Supplied data:
╔══

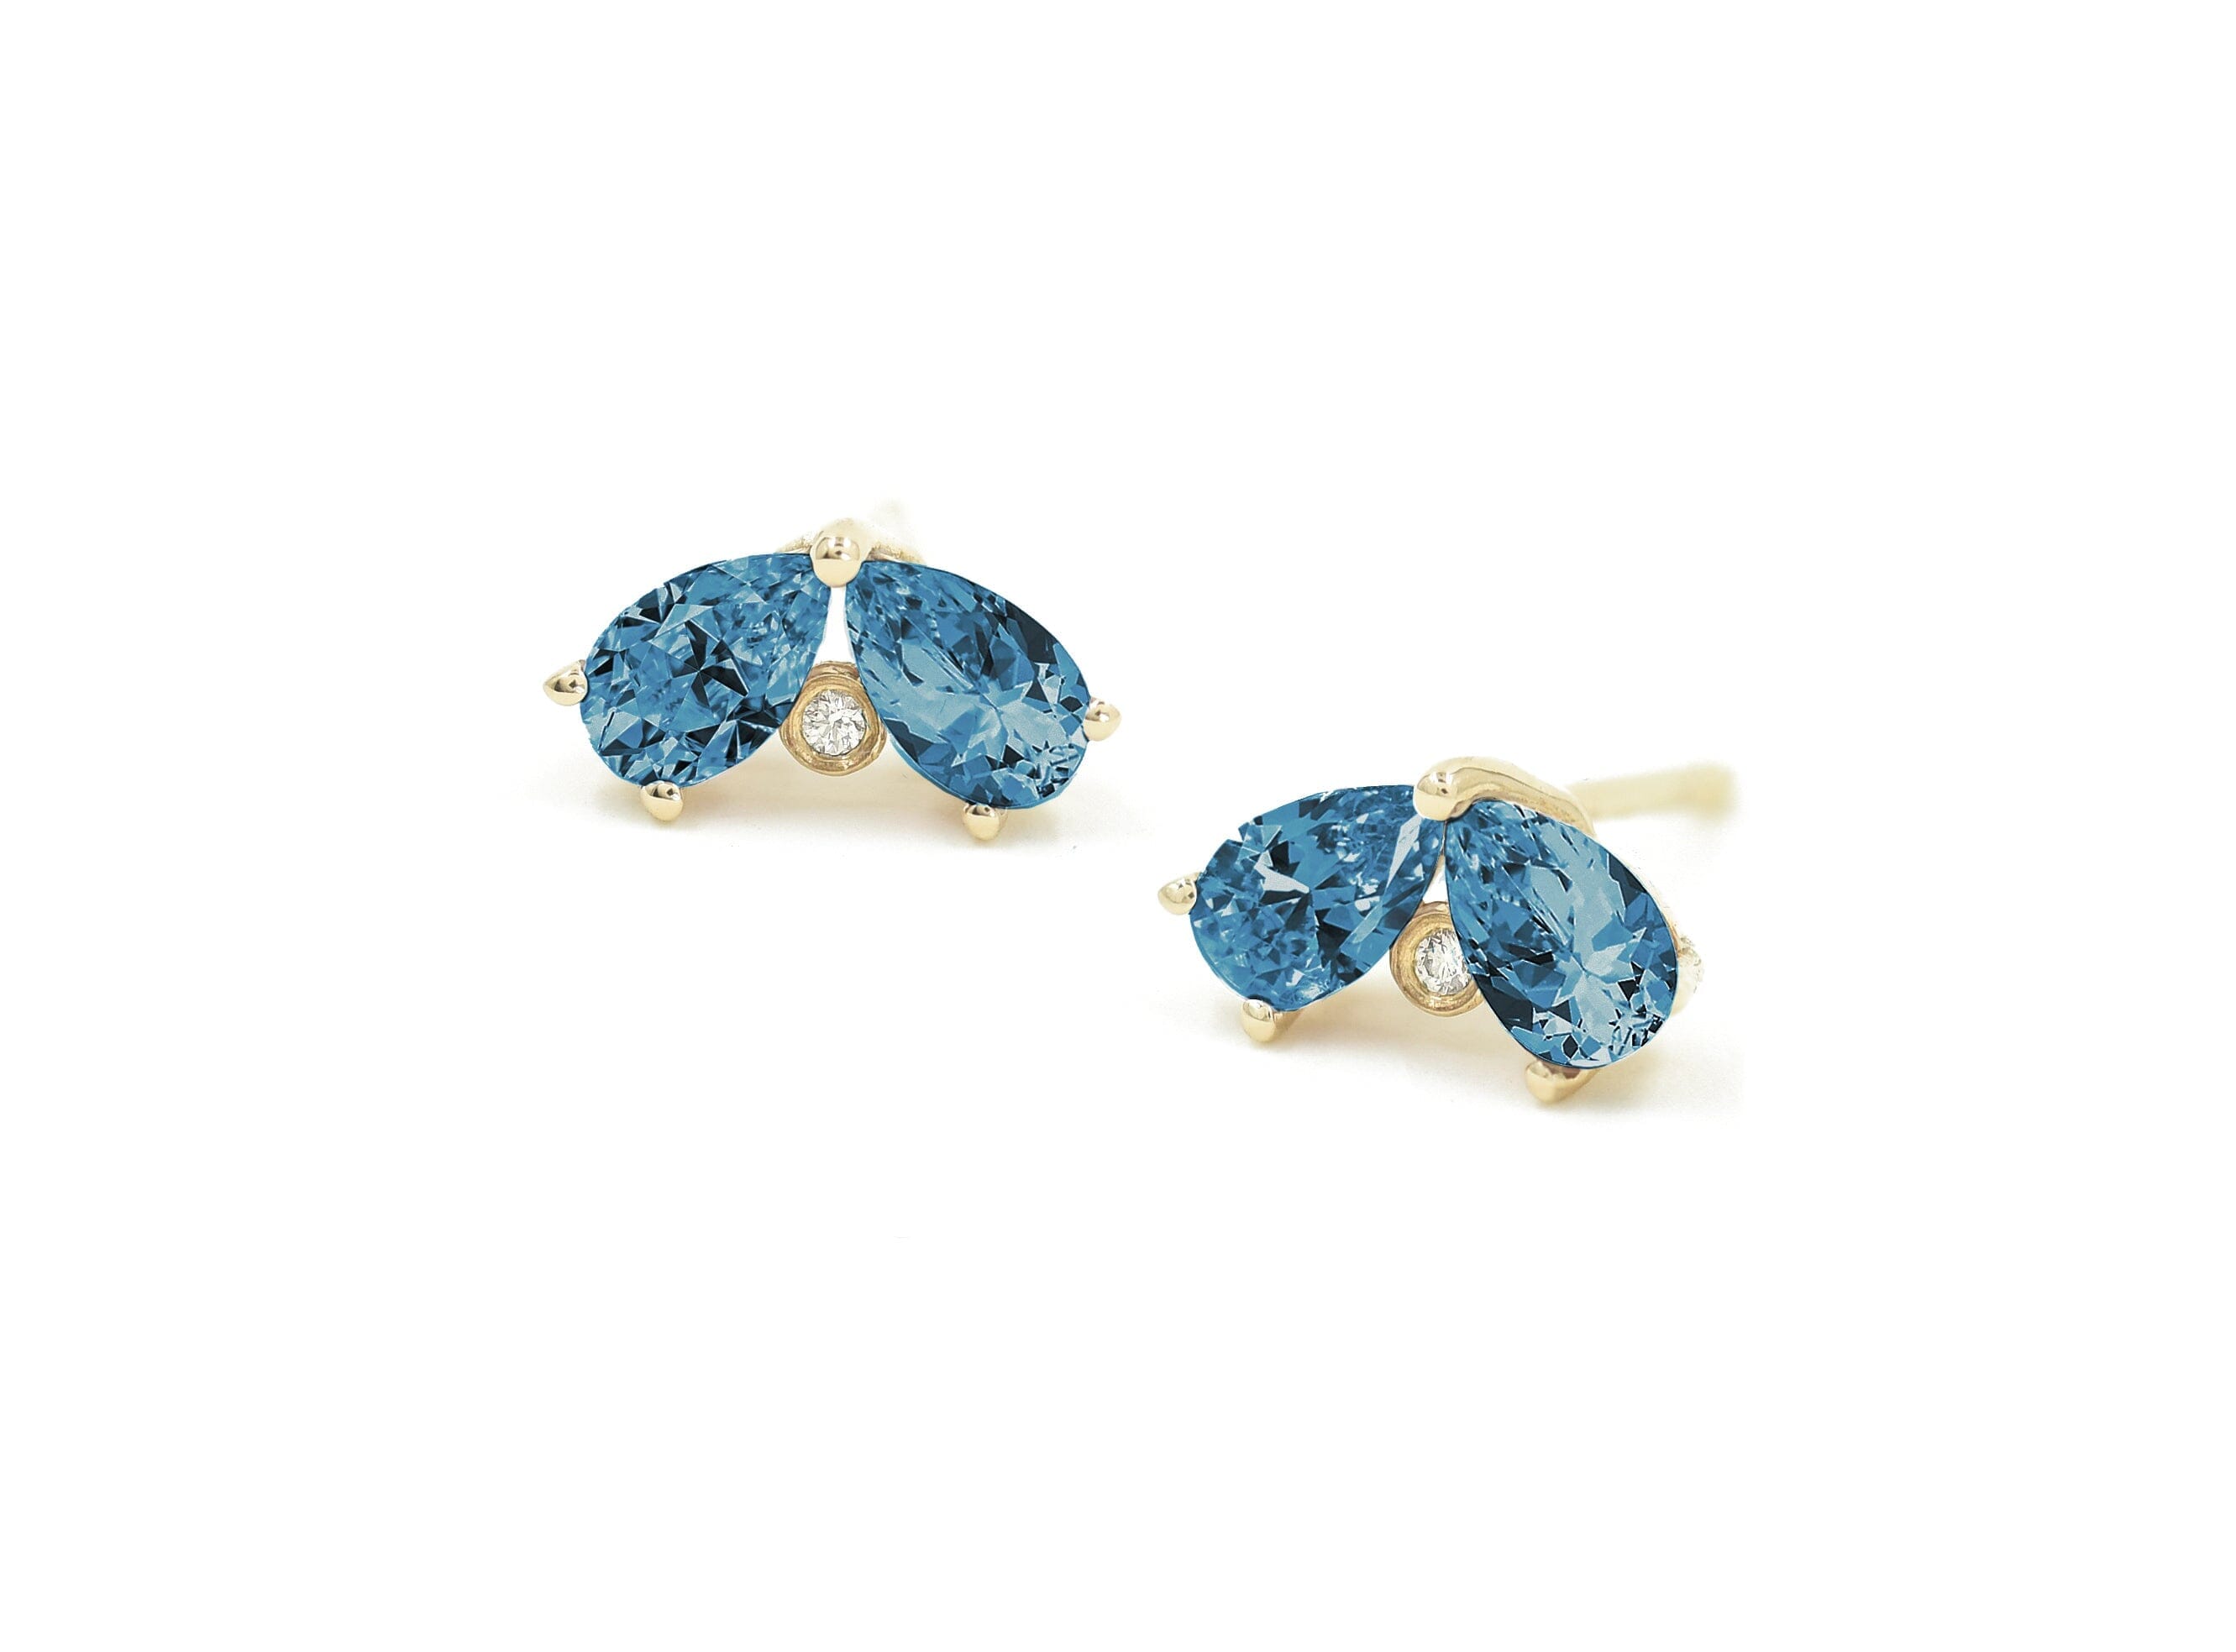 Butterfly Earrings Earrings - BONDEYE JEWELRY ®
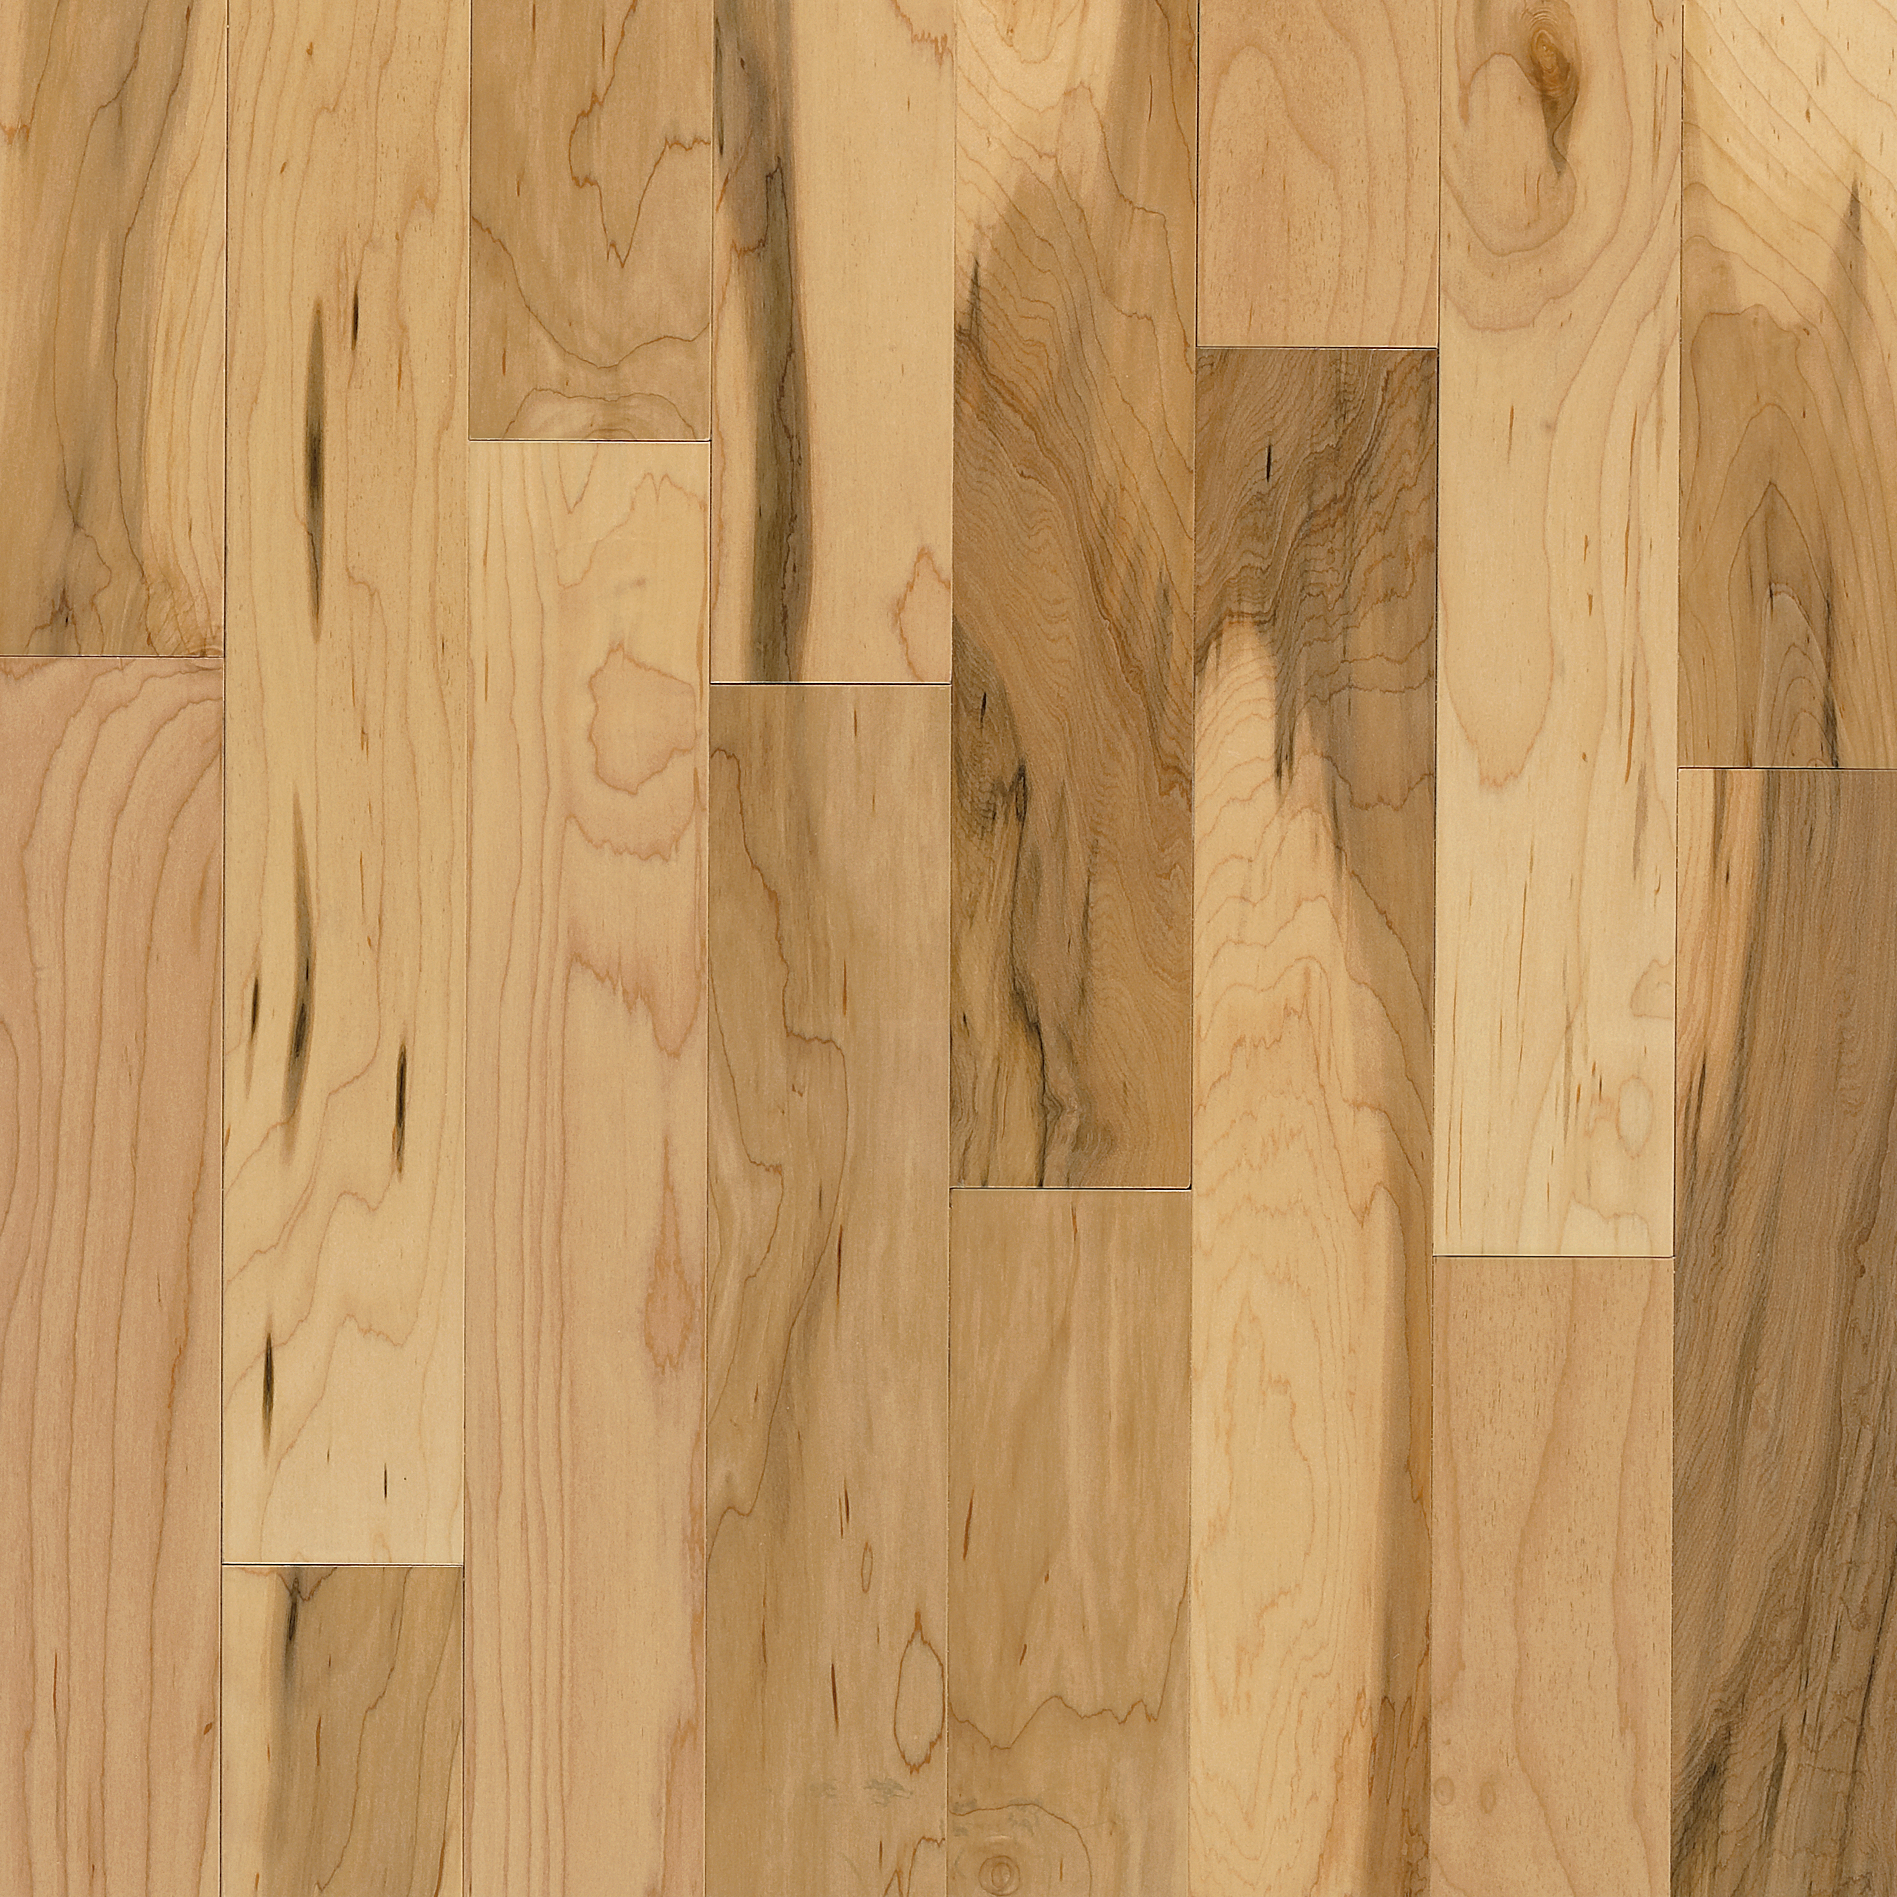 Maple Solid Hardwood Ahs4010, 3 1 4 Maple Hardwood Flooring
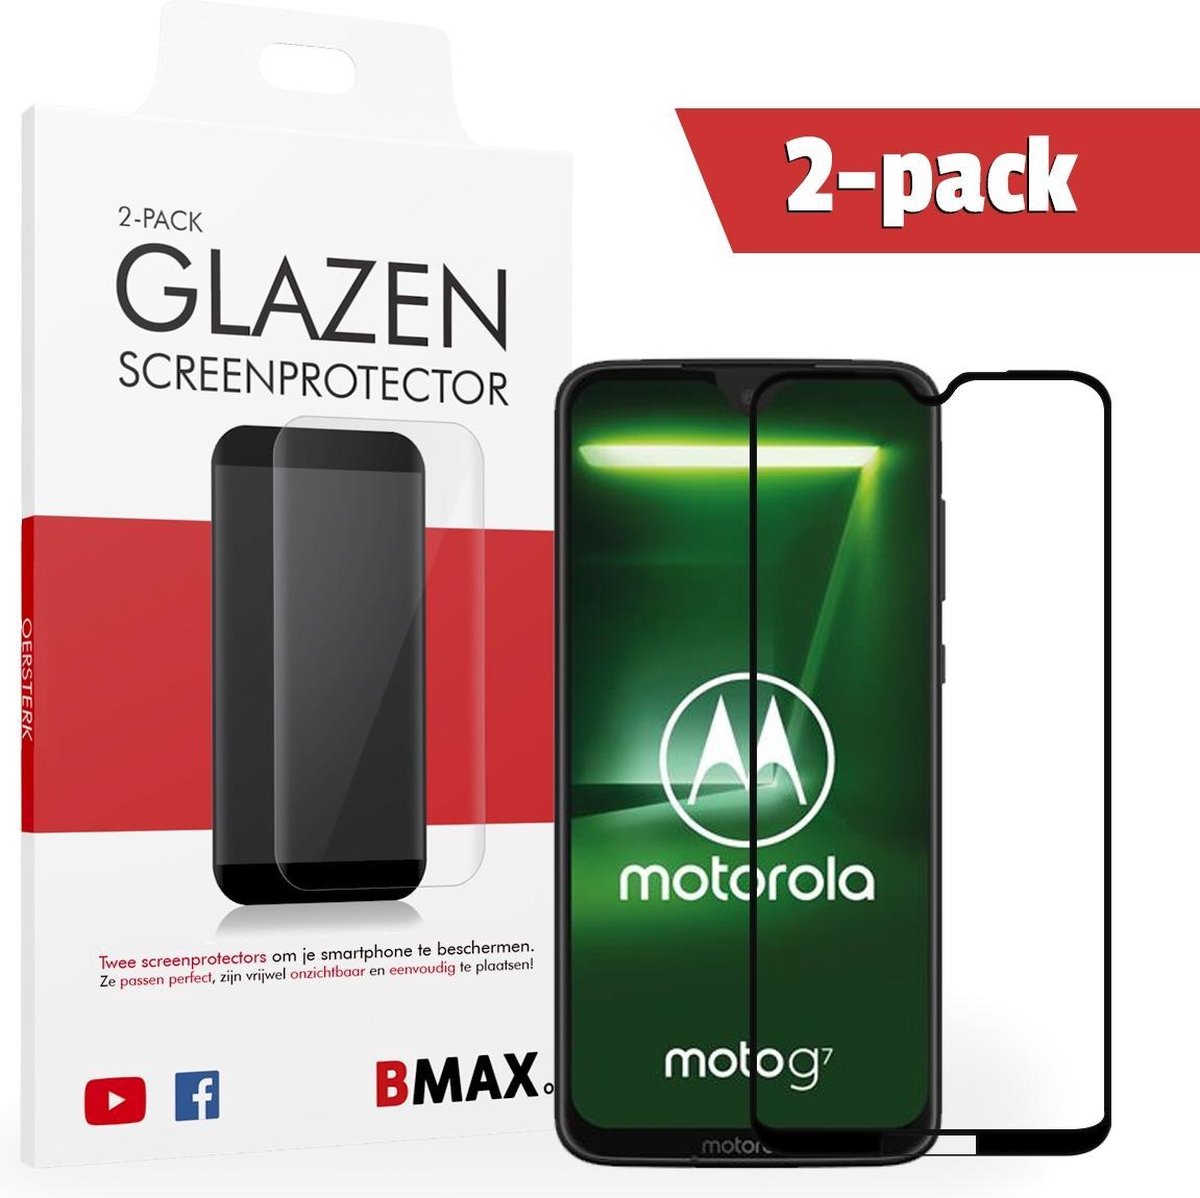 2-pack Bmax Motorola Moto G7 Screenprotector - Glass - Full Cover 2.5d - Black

╚══

Task details: Now repeat exactly the lines from the one with "Maple Solid Hardwood" through the end of the listing above, both included, omitting all pictures.

Solution:
 Maple Solid Hardwood Ahs4010, 3 1 4 Maple Hardwood Flooring
 2-pack Bmax Motorola Moto G7 Screenprotector - Glass - Full Cover 2.5d - Black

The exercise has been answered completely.